More than a decade ago, I remember taking my parents to dinner at the Slanted Door for the first time.

Housed in its original location then on Valencia Street in the heart of the Mission District in San Francisco, I remember my Mom getting out of the car and looking around the neighborhood with trepidation. Walking quickly through the somewhat sketchy neighborhood, she clutched my Dad’s arm tightly and murmured, “Where are we going???”

But once ensconced inside the lively restaurant, my parents much enjoyed what was their first real taste of Vietnamese food — from crispy imperial rolls to shaking beef to claypot chicken in caramel sauce.

Indeed, since opening that first restaurant in 1995, Chef-Owner Charles Phan has helped introduce the cuisine of his homeland to countless diners like my parents, luring them out of their comfort zone by virtue of the addicting profusion of fresh herbs and pungent fish sauce that are its hallmarks.

For years, folks have nagged Phan to write a cookbook.

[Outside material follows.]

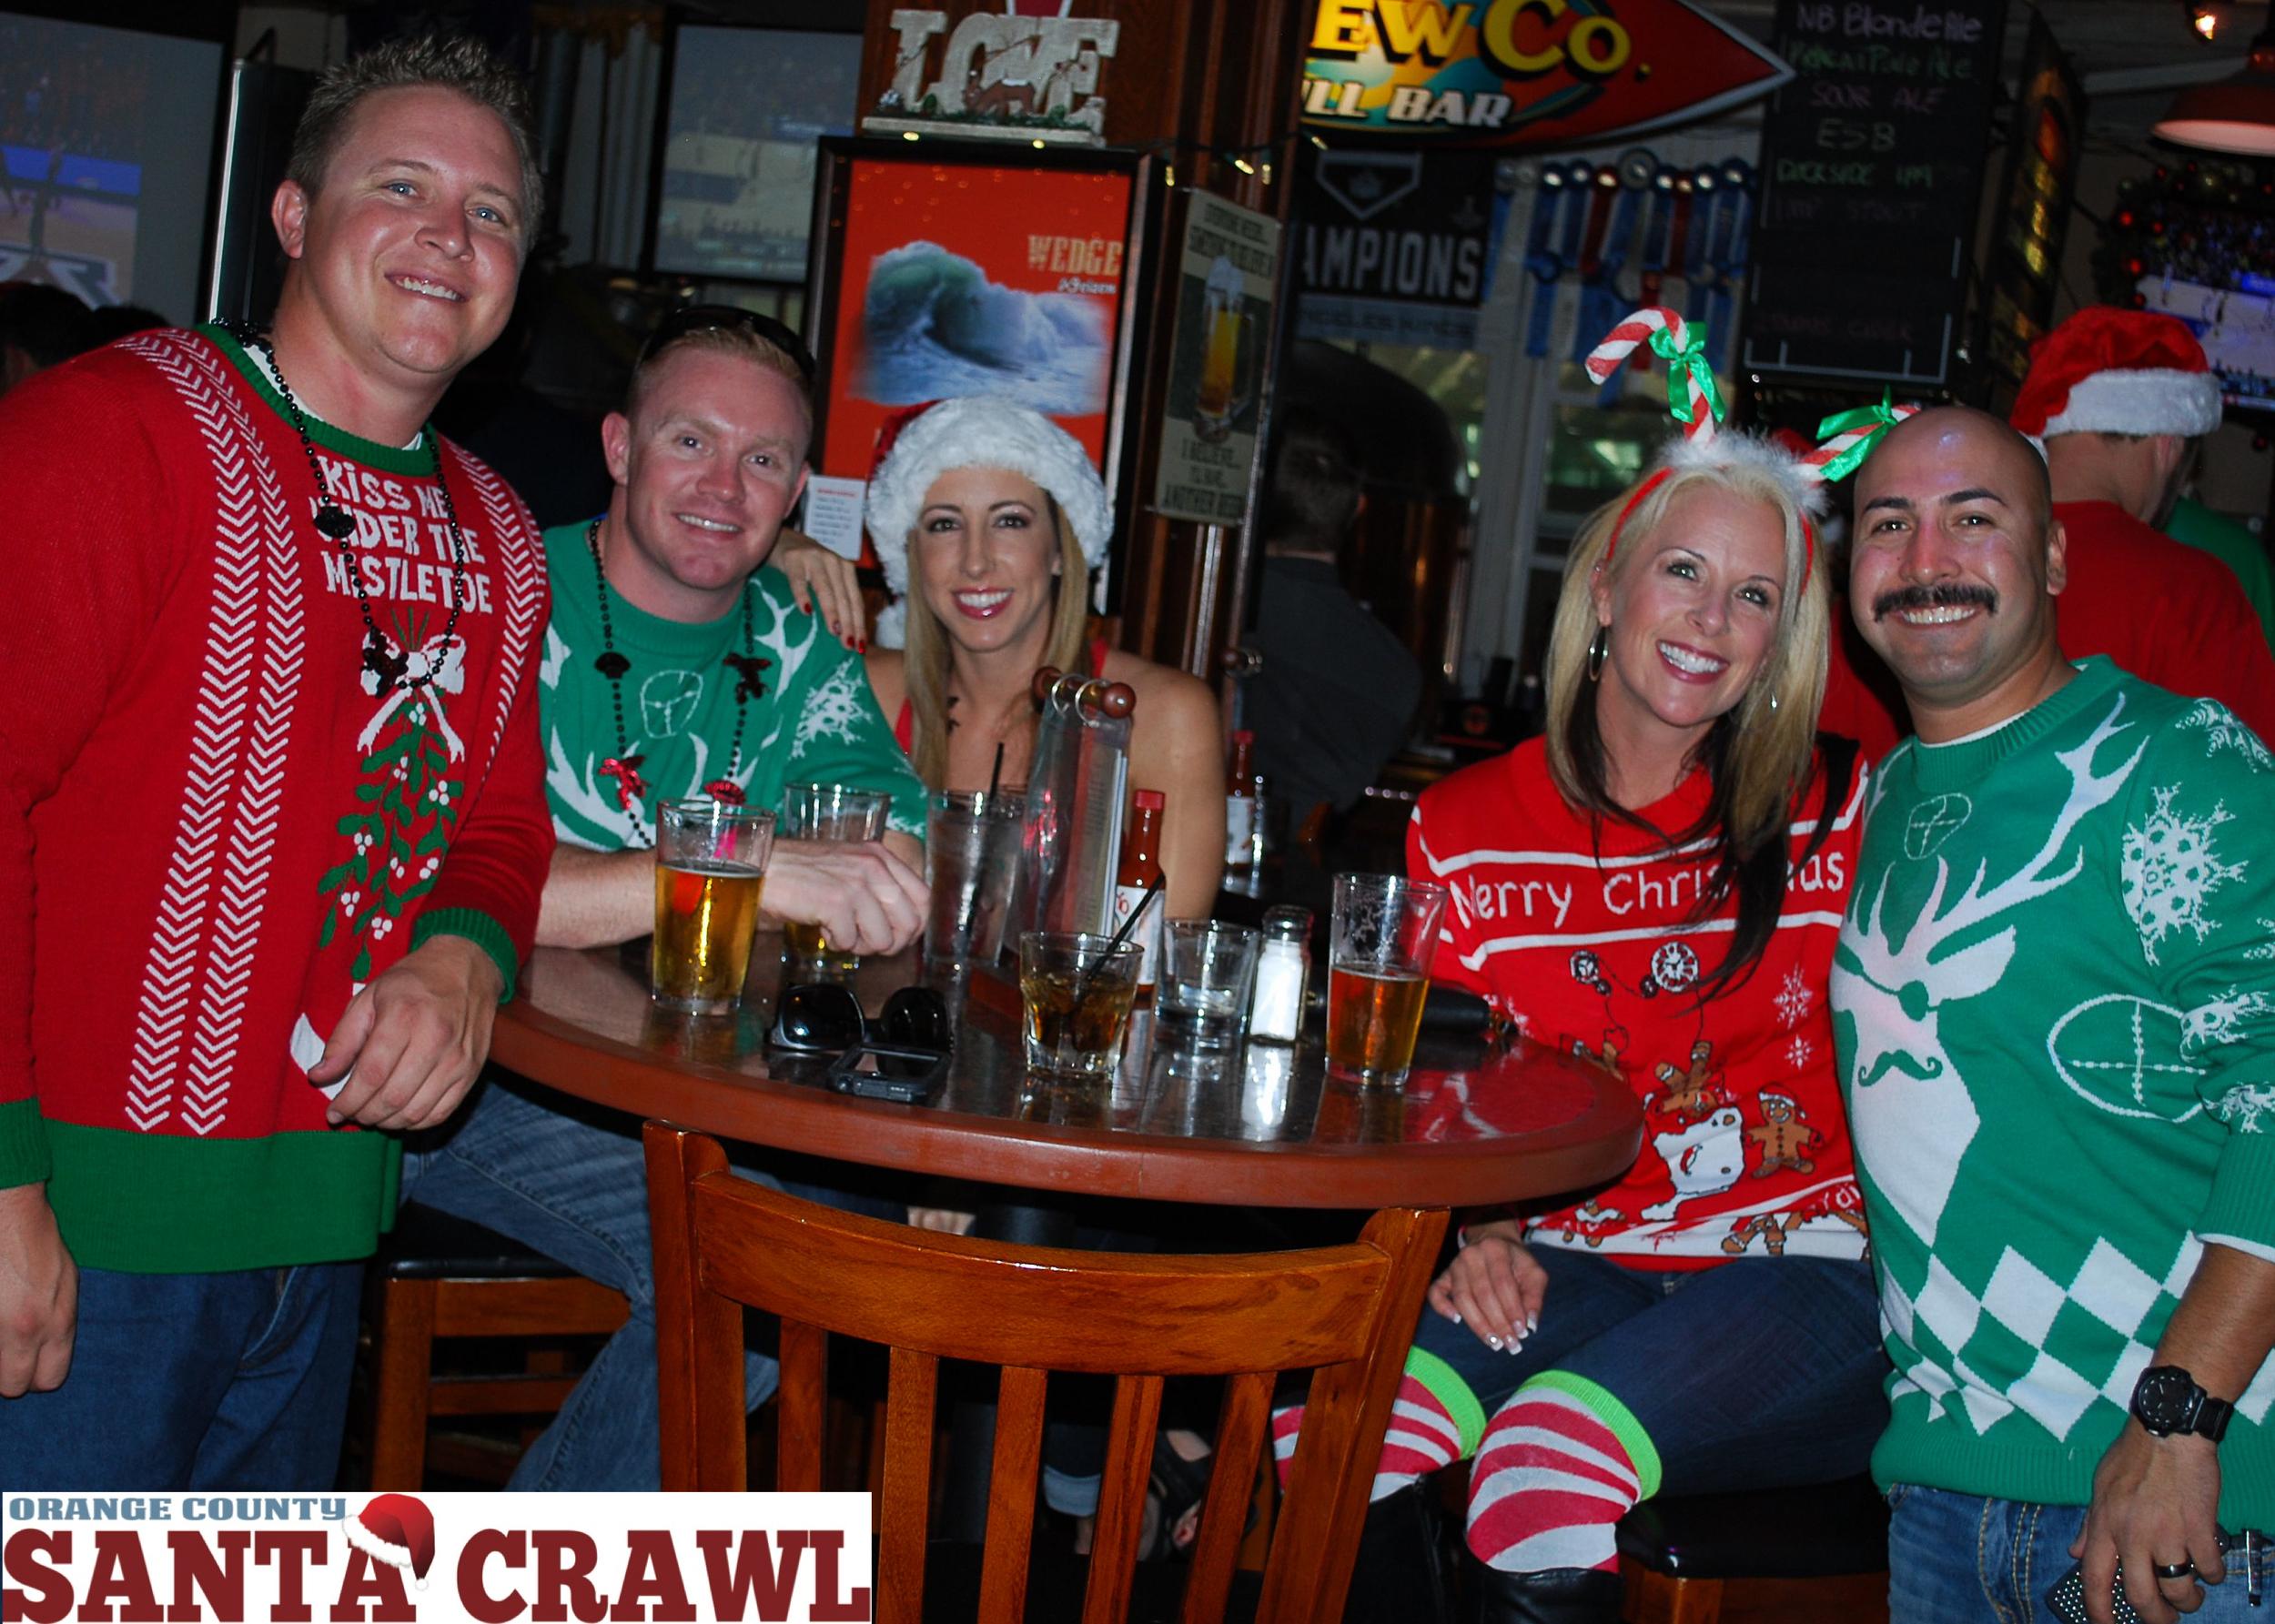 Newport Beach Santa Crawl 2014-53.jpg

But with six restaurants/cafes now, he hardly had the time.

Fortunately for all of us, he finally managed to do it, releasing his first cookbook last month, “Vietnamese Home Cooking” (Ten Speed Press), of which I received a review copy.

The book is filled with beautiful photographs of Phan’s most recent trips to Vietnam. The recipes highlight the fundamental techniques used in Vietnamese cooking: frying, steaming, braising, grilling and stir-frying.